### Assignment
Each line of the data must be given back verbatim, with pictures removed.

Stored data
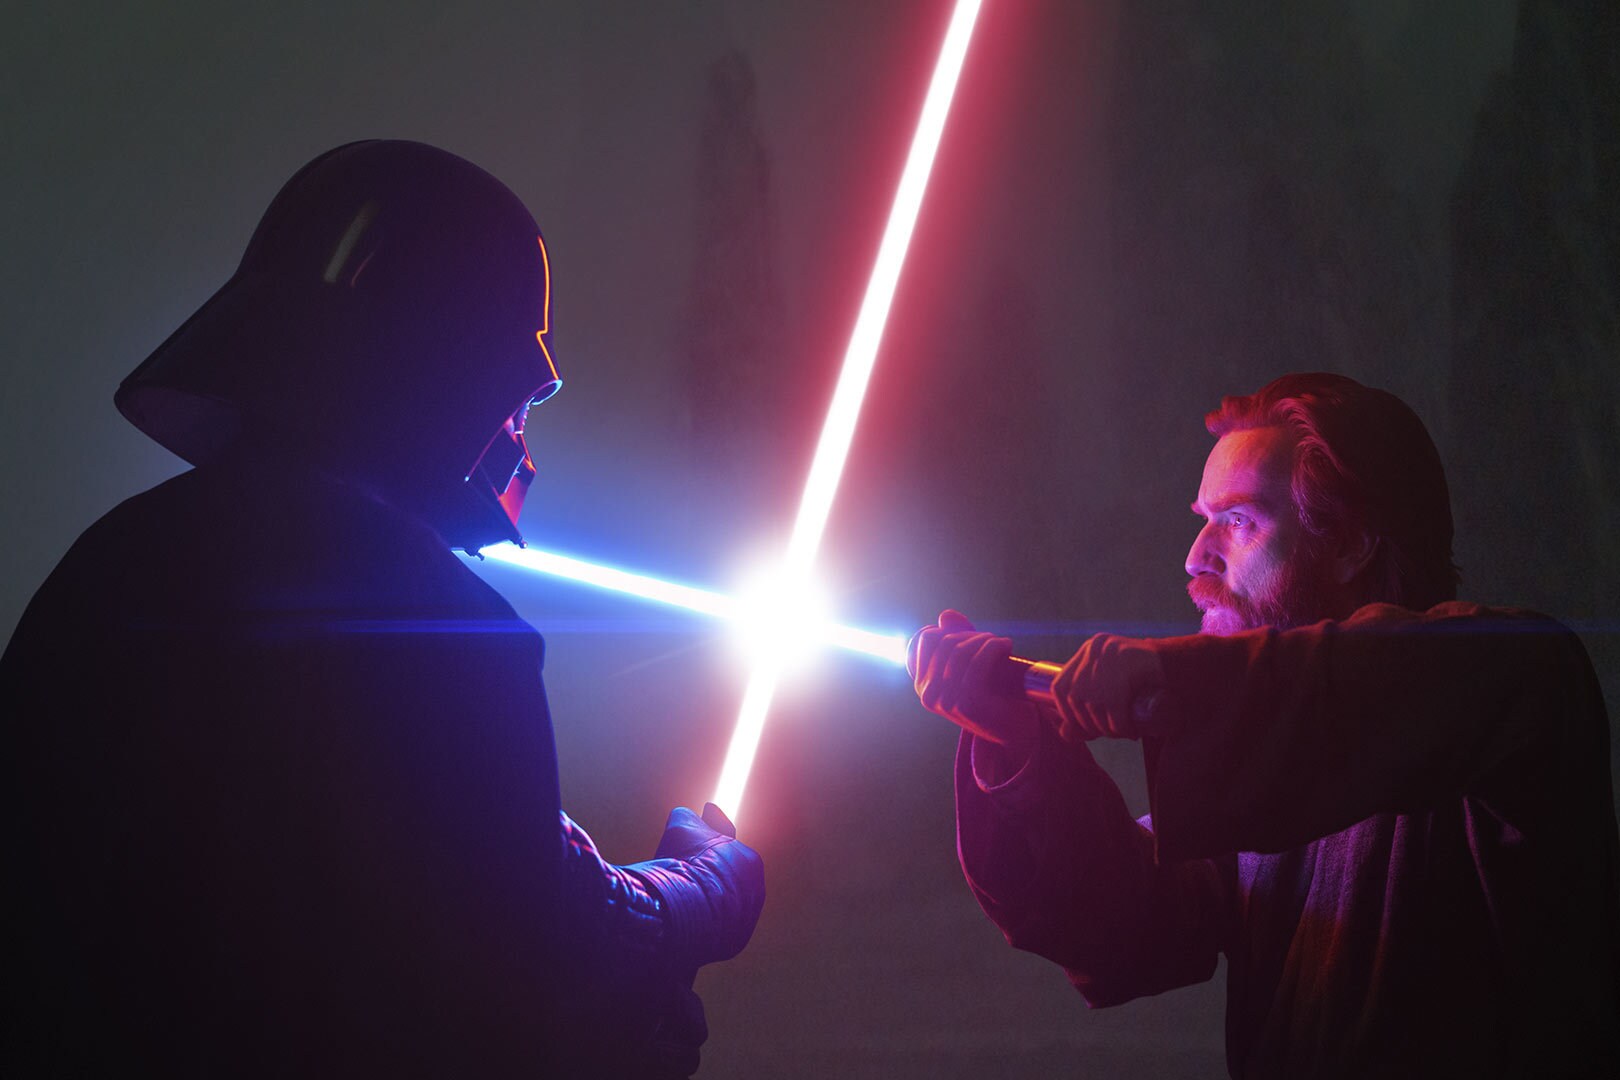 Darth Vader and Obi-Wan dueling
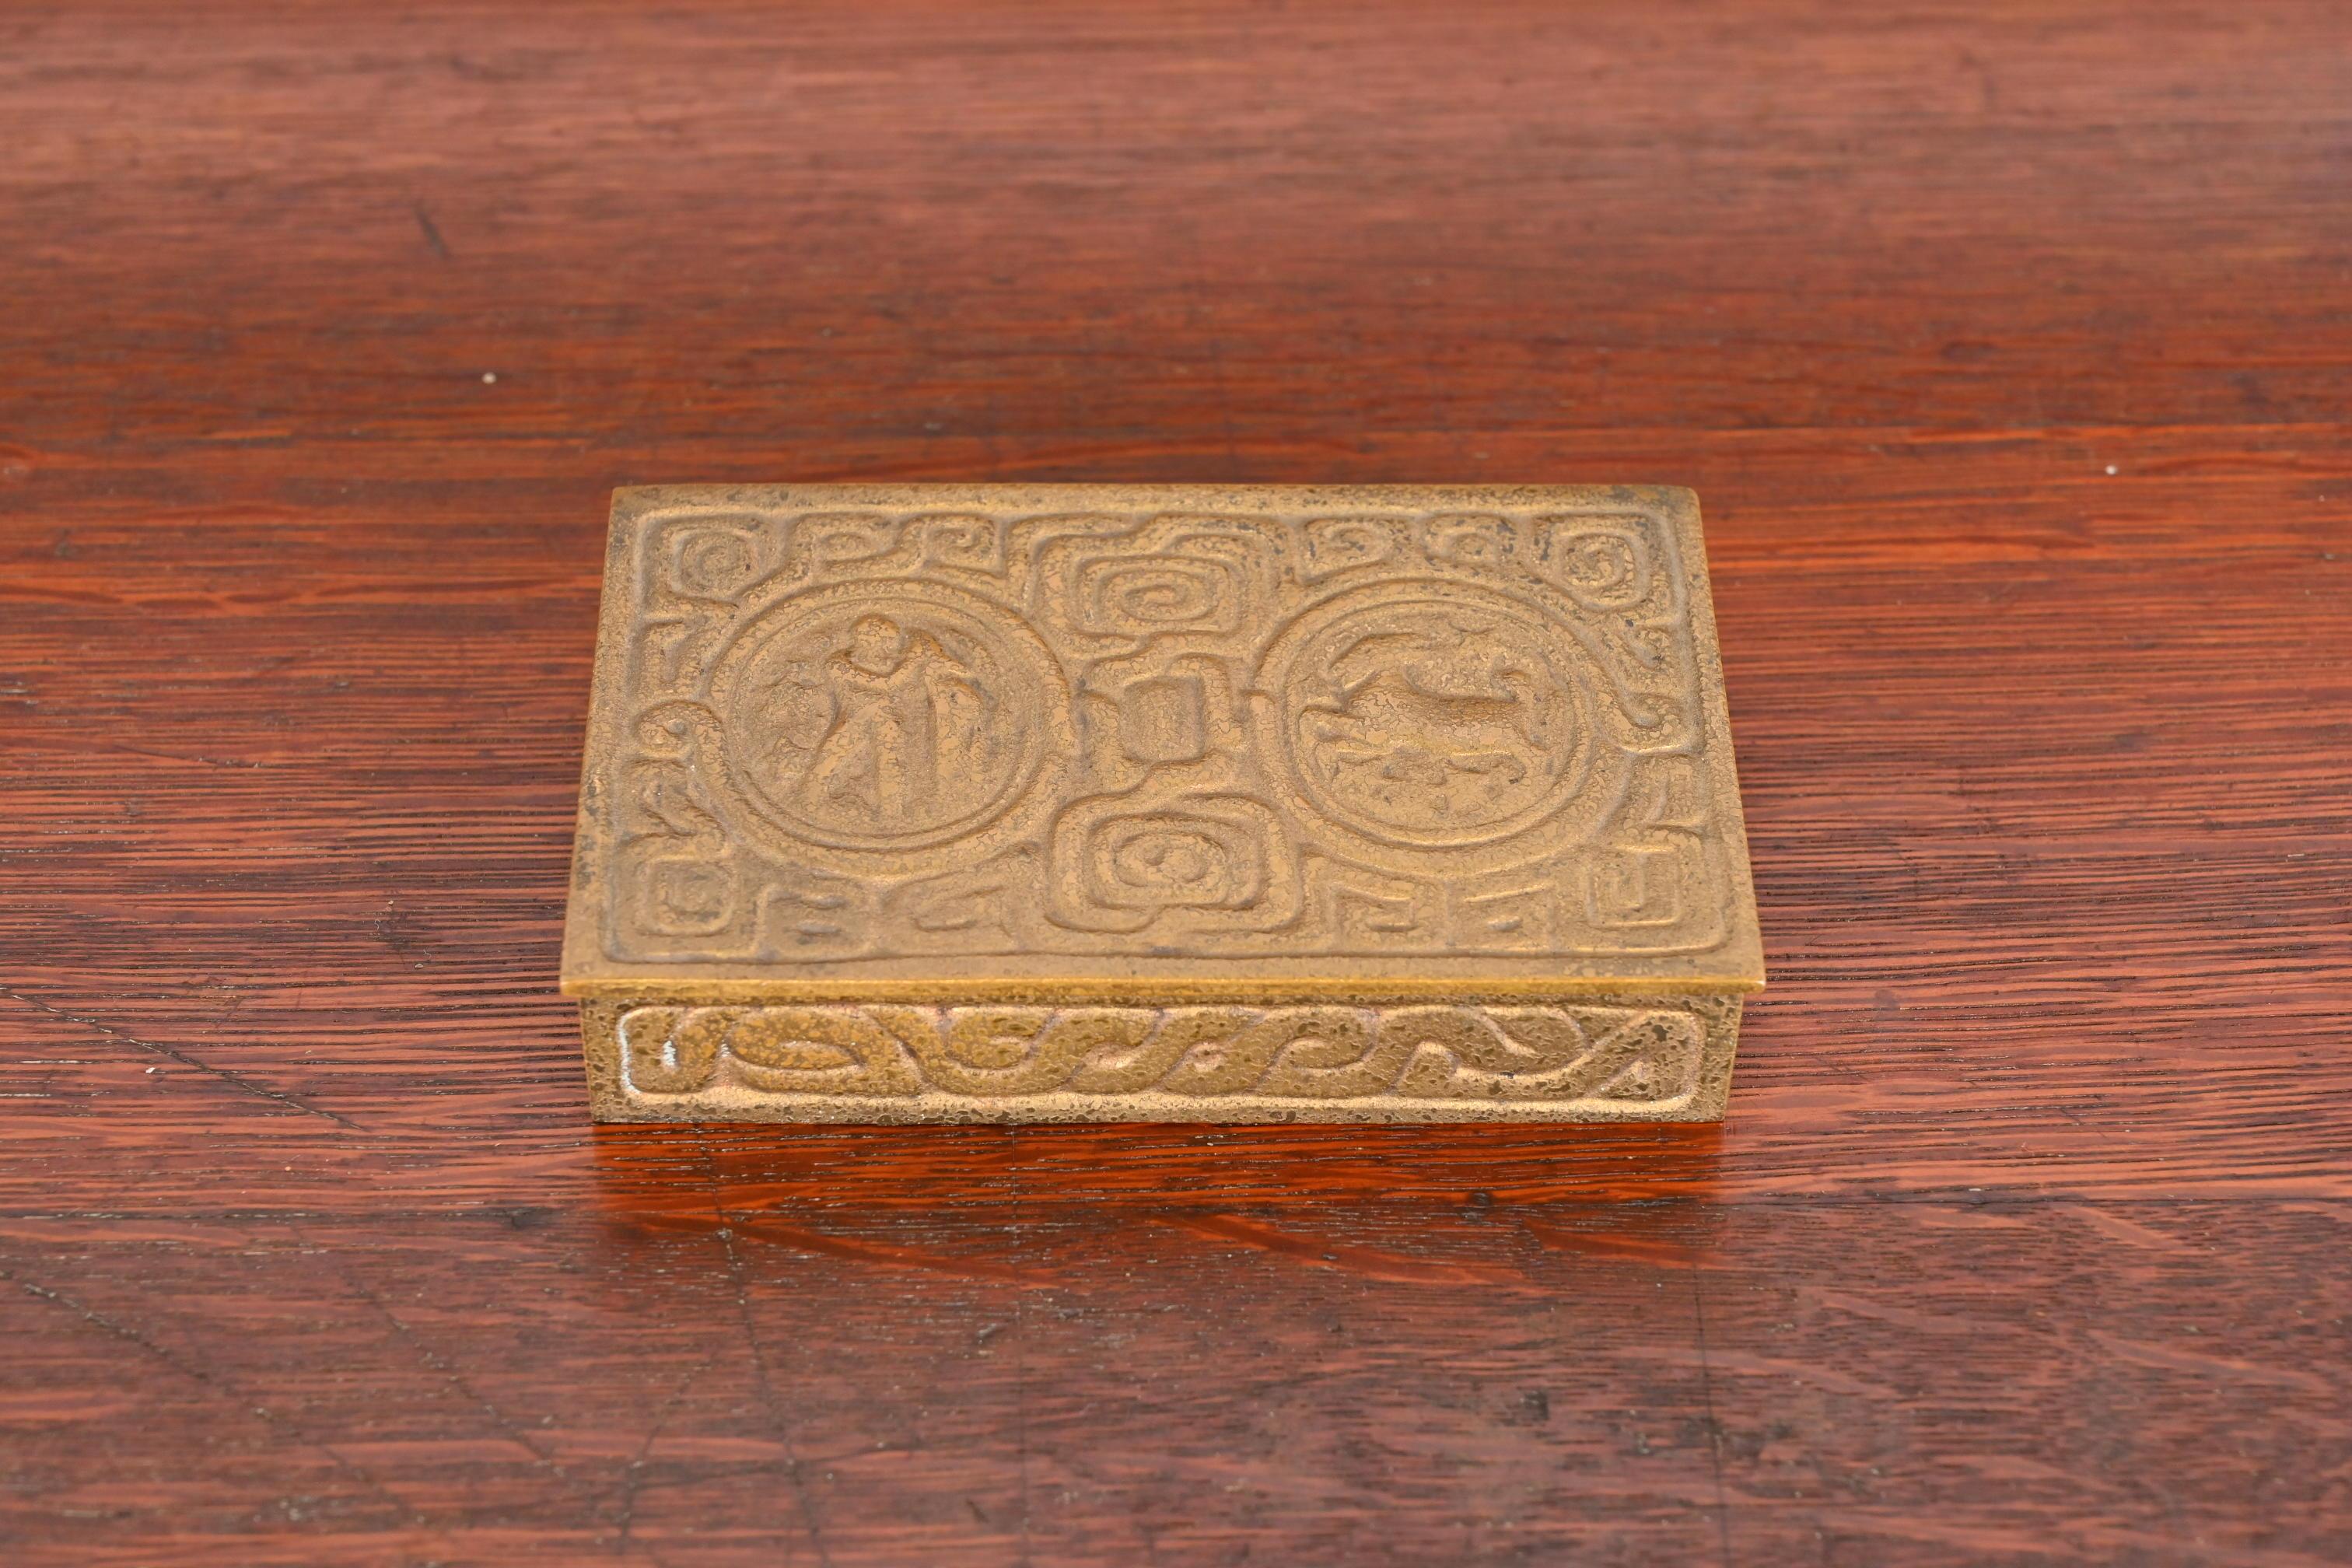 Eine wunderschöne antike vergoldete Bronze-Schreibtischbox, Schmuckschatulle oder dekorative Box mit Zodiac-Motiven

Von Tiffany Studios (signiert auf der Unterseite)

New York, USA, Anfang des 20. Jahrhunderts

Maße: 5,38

### Result
 Darth Vader and Obi-Wan dueling
 Eine wunderschöne antike vergoldete Bronze-Schreibtischbox, Schmuckschatulle oder dekorative Box mit Zodiac-Motiven

Von Tiffany Studios (signiert auf der Unterseite)

New York, USA, Anfang des 20. Jahrhunderts

Maße: 5,38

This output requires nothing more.